How different to our usual behaviour is the heart of God. When the prophet Samuel was sent by God to anoint a new king of Israel, all the sons of Jesse appeared before him. The eldest was a fine-looking man. But God’s criteria for suitability was quite different:


But the Lord said to Samuel, “Do not consider his appearance or his height, for I have rejected him. The Lord does not look at the things people look at. People look at the outward appearance, but the Lord looks at the heart.” (1 Samuel 16:7)



I am reminded also of these words from Peter’s first letter:

Wives, in the same way submit yourselves to your own husbands so that, if any of them do not believe the word, they may be won over without words by the behaviour of their wives, when they see the purity and reverence of your lives. Your beauty should not come from outward adornment, such as elaborate hairstyles and the wearing of gold jewellery or fine clothes. Rather, it should be that of your inner self, the unfading beauty of a gentle and quiet spirit, which is of great worth in God’s sight (emphasis added, 1 Peter 3:1-4).

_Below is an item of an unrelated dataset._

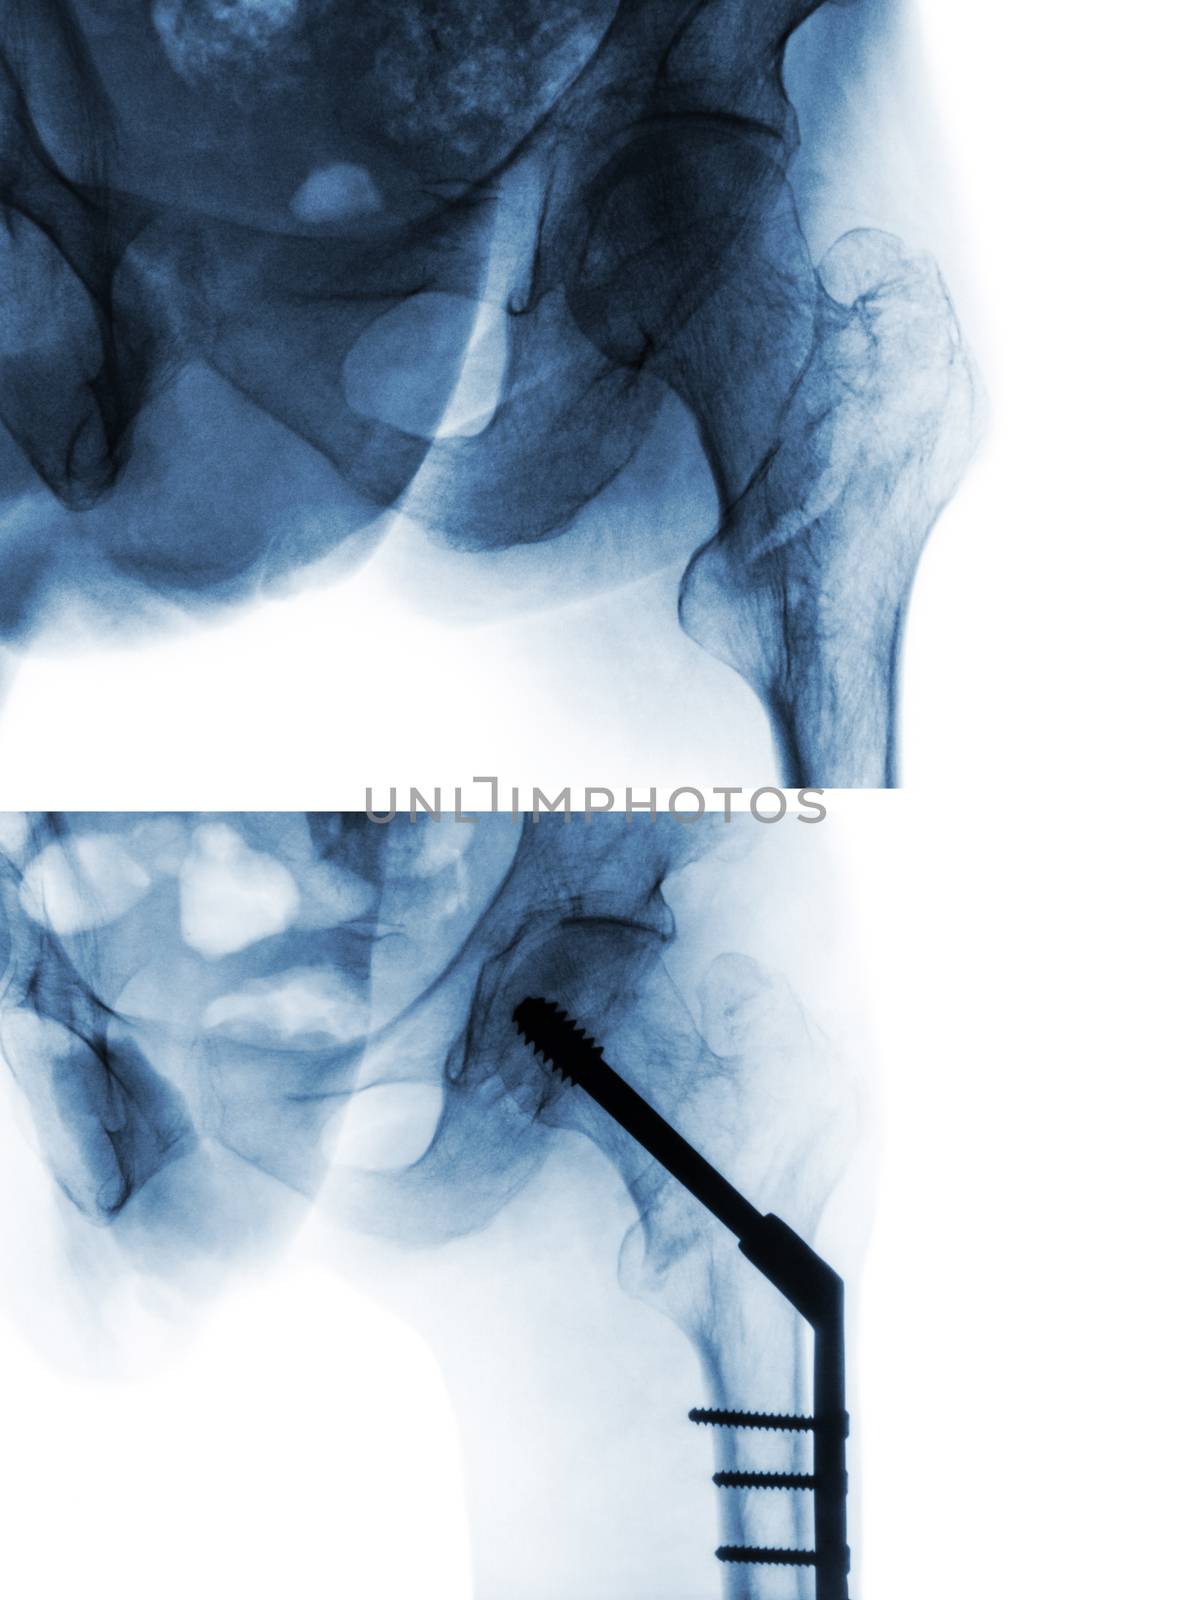 Intertrochanteric fracture femur ( thigh bone ). X-ray of hip and comparison between before surgery (upper image) and after surgery (lower image). Patient was operated and insert intramedullary nail by stockdevil

And what about this challenge from James’ letter:

My brothers and sisters, believers in our glorious Lord Jesus Christ must not show favouritism. Suppose a man comes into your meeting wearing a gold ring and fine clothes, and a poor man in filthy old clothes also comes in. If you show special attention to the man wearing fine clothes and say, “Here’s a good seat for you,” but say to the poor man, “You stand there” or “Sit on the floor by my feet,” have you not discriminated among yourselves and become judges with evil thoughts? (James 2:1-4)


The Scriptures reveal to us a God who is not swayed by outward appearance, but looks to the heart to see the real person. Jesus modelled this par excellence in His life and ministry. Beyond the frightening exterior of the Gerasene demoniac, Jesus saw a man who could be clothed in his right mind. Beneath the cheating tax collector, Zacchaeus was seen a son of Abraham who longed to come home. Jesus saw past the fisherman called Simon to see a rock called Peter on which His Church could be built. In the young man Nathaniel sitting under a fig tree, Jesus identified a true Israelite in whom there was no guile.


How do we treat people as Jesus did, in the way that Quasimodo longed to be treated? It means suspending our hasty judgements and choosing to really get to know people. Don’t take people at face value, but seek the real person who lies beneath. It means calling a halt to villainising people just because we think something might be the case. We must know people by reality, not rumour.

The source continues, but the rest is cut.